From The Hollywood Reporter:
Original Films and Columbia Pictures are in final negotiations for a remake of the 1990 Arnold Schwarzenegger sci-fi action film,"Total Recall".
Carolco was behind the original film,which was distributed by TriStar.
Dimension picked up the rights,with intentions of doing a sequel.
Columbia secured and retained the rights from Miramax,when Harvey and Bob Weinstein left to start their own company.

http://www.hollywoodreporter.com/hr/content_display/news/e3i205e36d6d97550538e93ff0ac9df2d88

No word on who will star in the remake at this time.


----------



## Chris Blount (Jun 22, 2001)

Hmm, not sure what to think about this. I really enjoyed the original movie and hope they don't mess it up.


----------



## Stewart Vernon (Jan 7, 2005)

I've seen some remakes that were better... many that were worse... and some that were equally good but in different ways from the original.

But Total Recall strikes me as something that I can't see a reason to remake.
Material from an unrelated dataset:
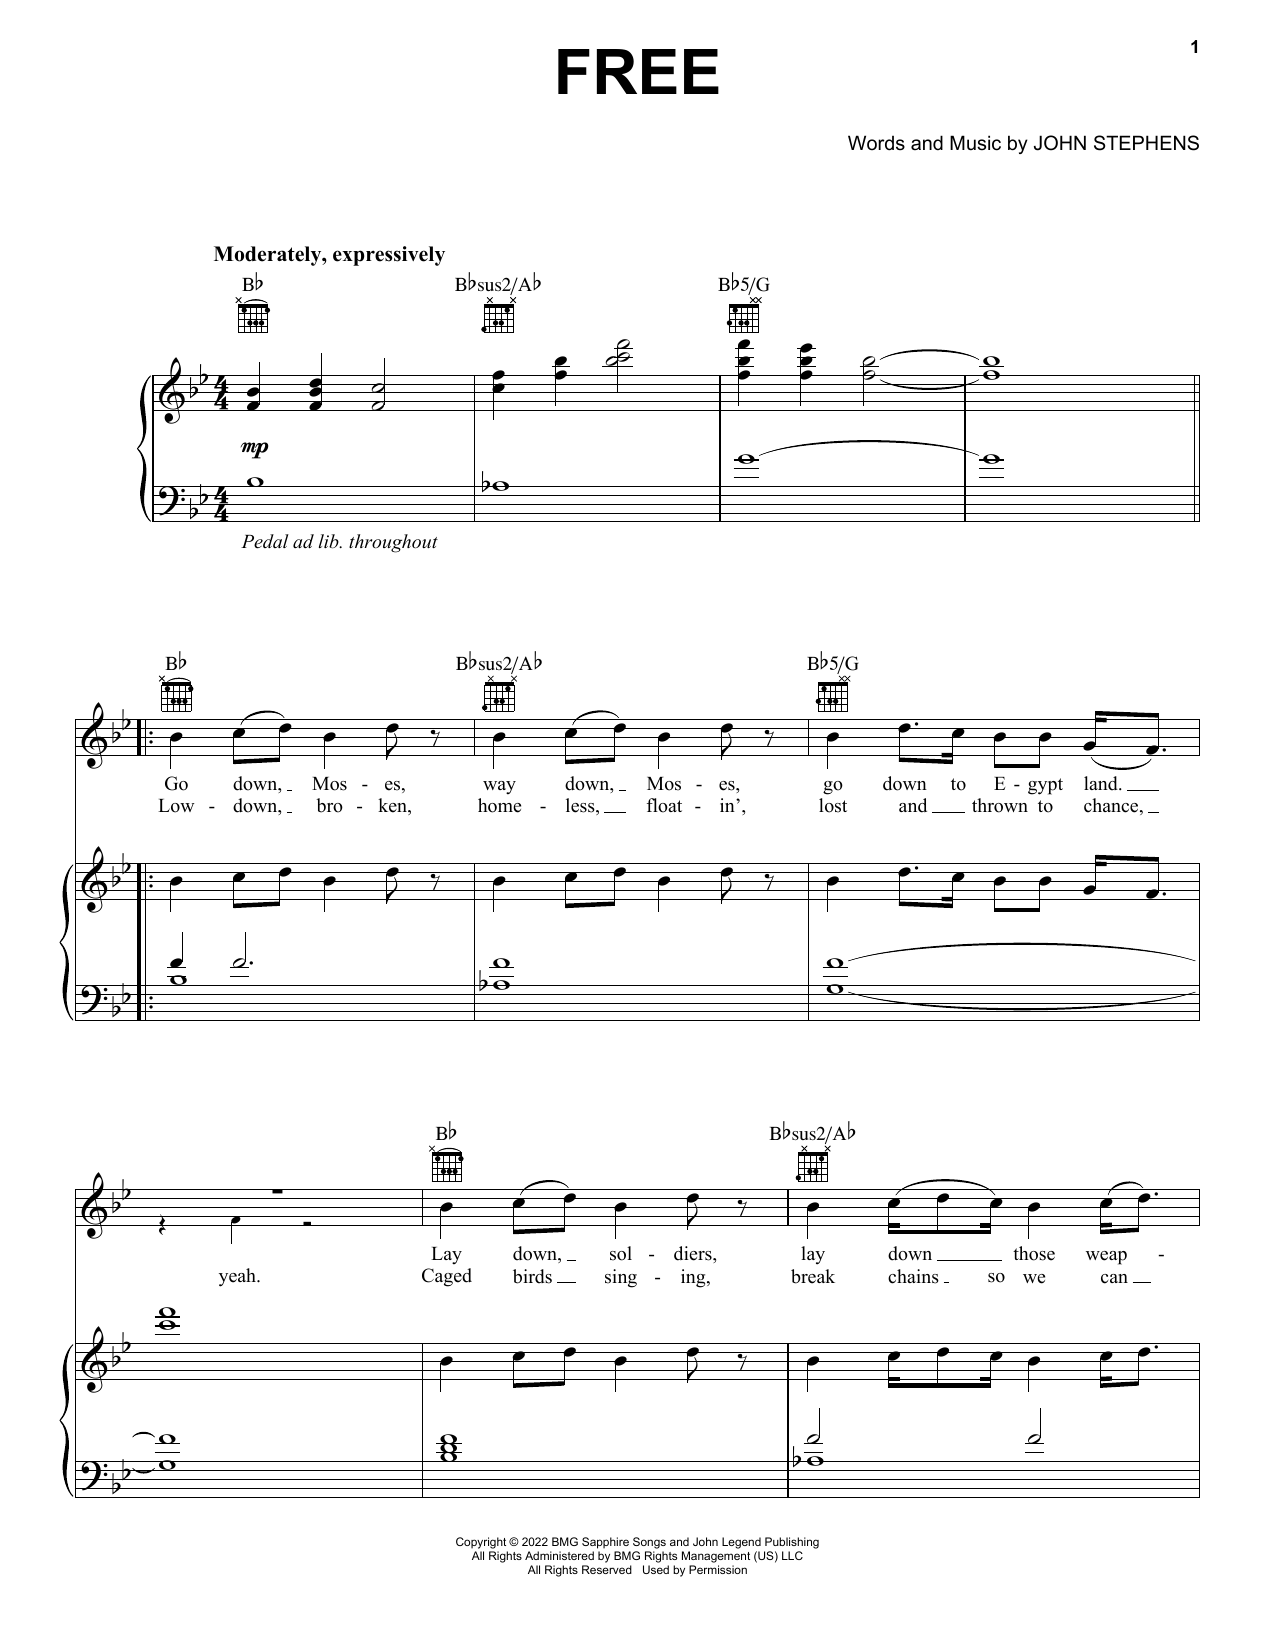 John Legend FREE sheet music notes and chords. Download Printable PDF.

I haven't read the book, so unless there are unexplored areas of the plot I am not sure why a remake would be in order.


----------



## Chris Blount (Jun 22, 2001)

Stewart Vernon said:


> I've seen some remakes that were better... many that were worse... and some that were equally good but in different ways from the original.
> 
> But Total Recall strikes me as something that I can't see a reason to remake. I haven't read the book, so unless there are unexplored areas of the plot I am not sure why a remake would be in order.
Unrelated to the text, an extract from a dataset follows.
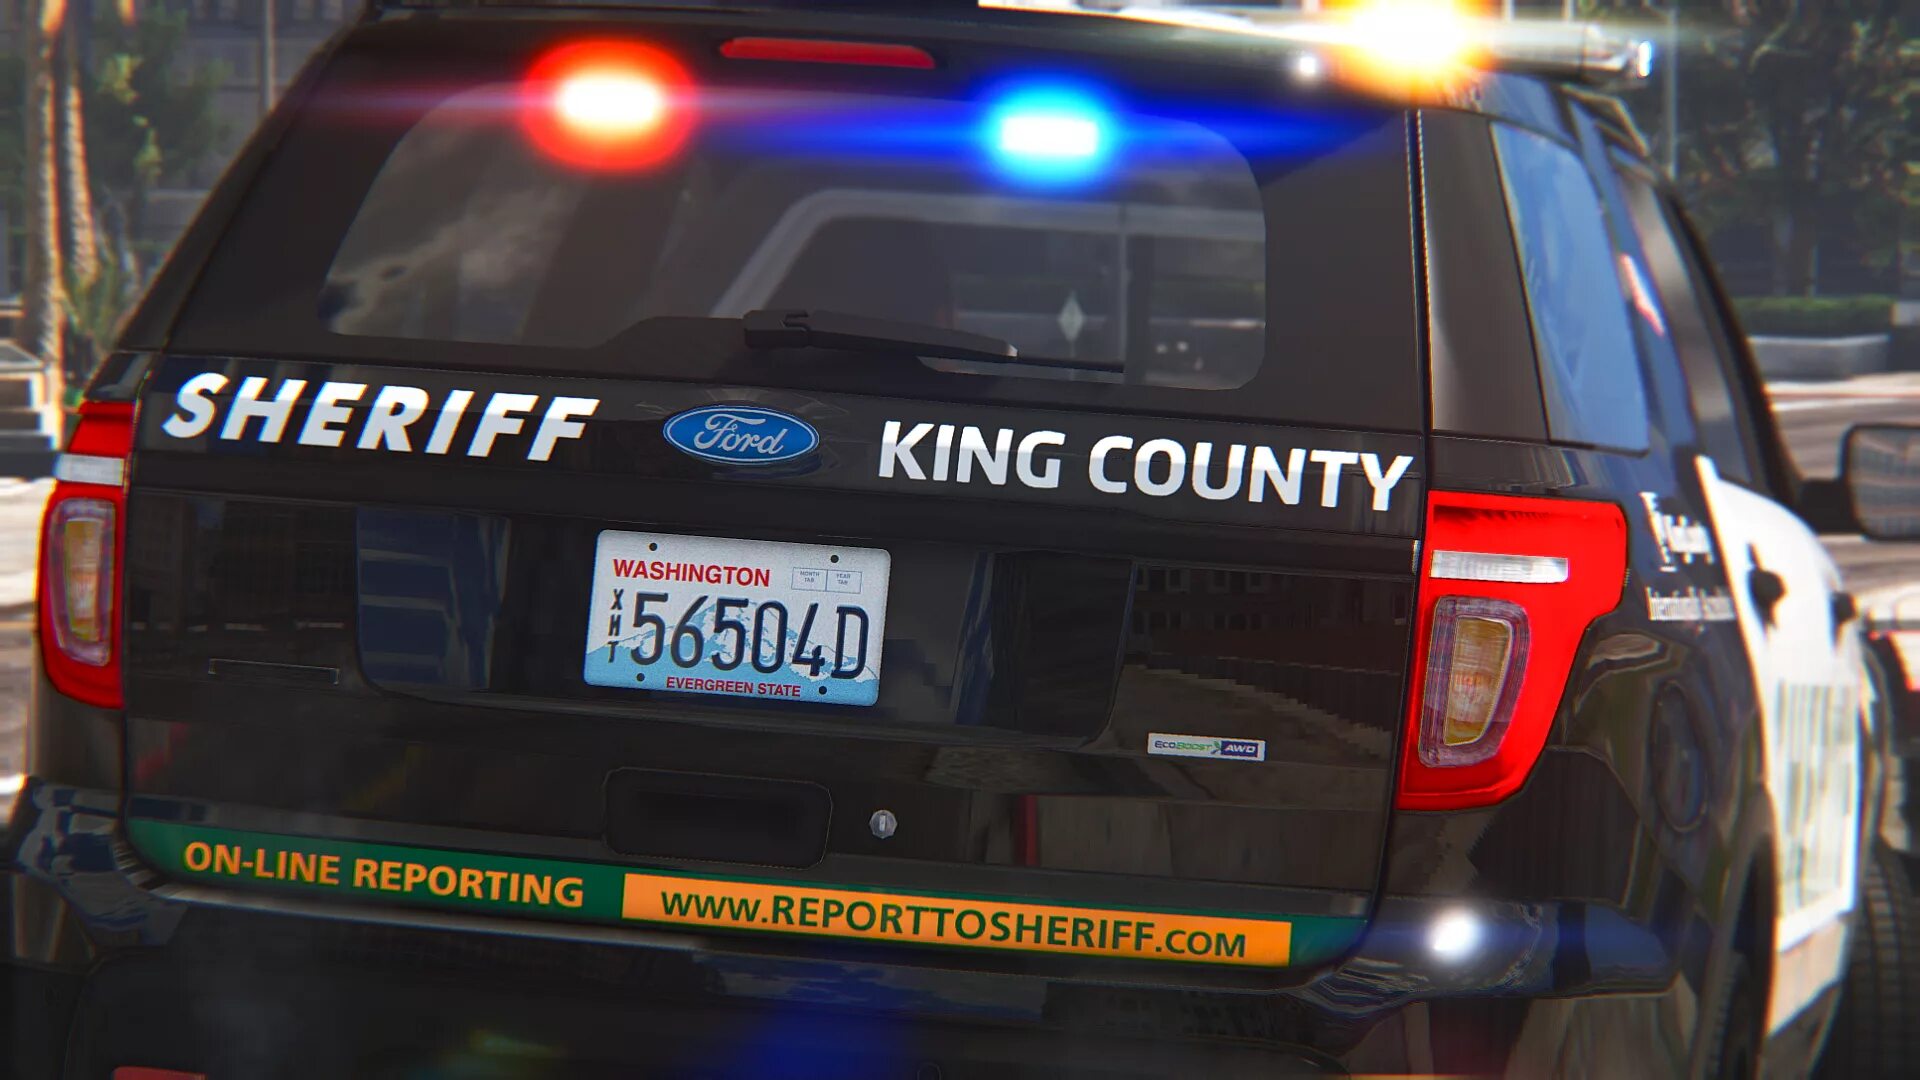 King County Sheriff. King County Washington Sheriff. В городе новый Шериф. Надпись на авто Шериф.

Maybe the aliens come back and wonder why their machine was turned on.


----------



## Stuart Sweet (Jun 19, 2006)

I think there's some room for them to go back to the original source material and make something that's darker and more thought-provoking. Philip K. Dick is a favorite author of mine and movies from his source material range from the brilliant _(Blade Runner)_ to the truly awful _(Paycheck)_. Perhaps the truest adaptation of his vision was _A Scanner Darkly_ which had some problems as a film but really got the tone and vision right.


----------



## mikep554 (Feb 14, 2007)

While I found it mildly entertaining, it got waaayyyy too campy. Of course, some of that might have been budget related. Imagine the Total Recall story, but done like Blade Runner or Minority Report. Total Recall should have been a lot scarier and more awe inspiring than it was. Blade Runner made hanging out on a street corner in LA look more like being on another planet than going to Mars. Something not right there.


----------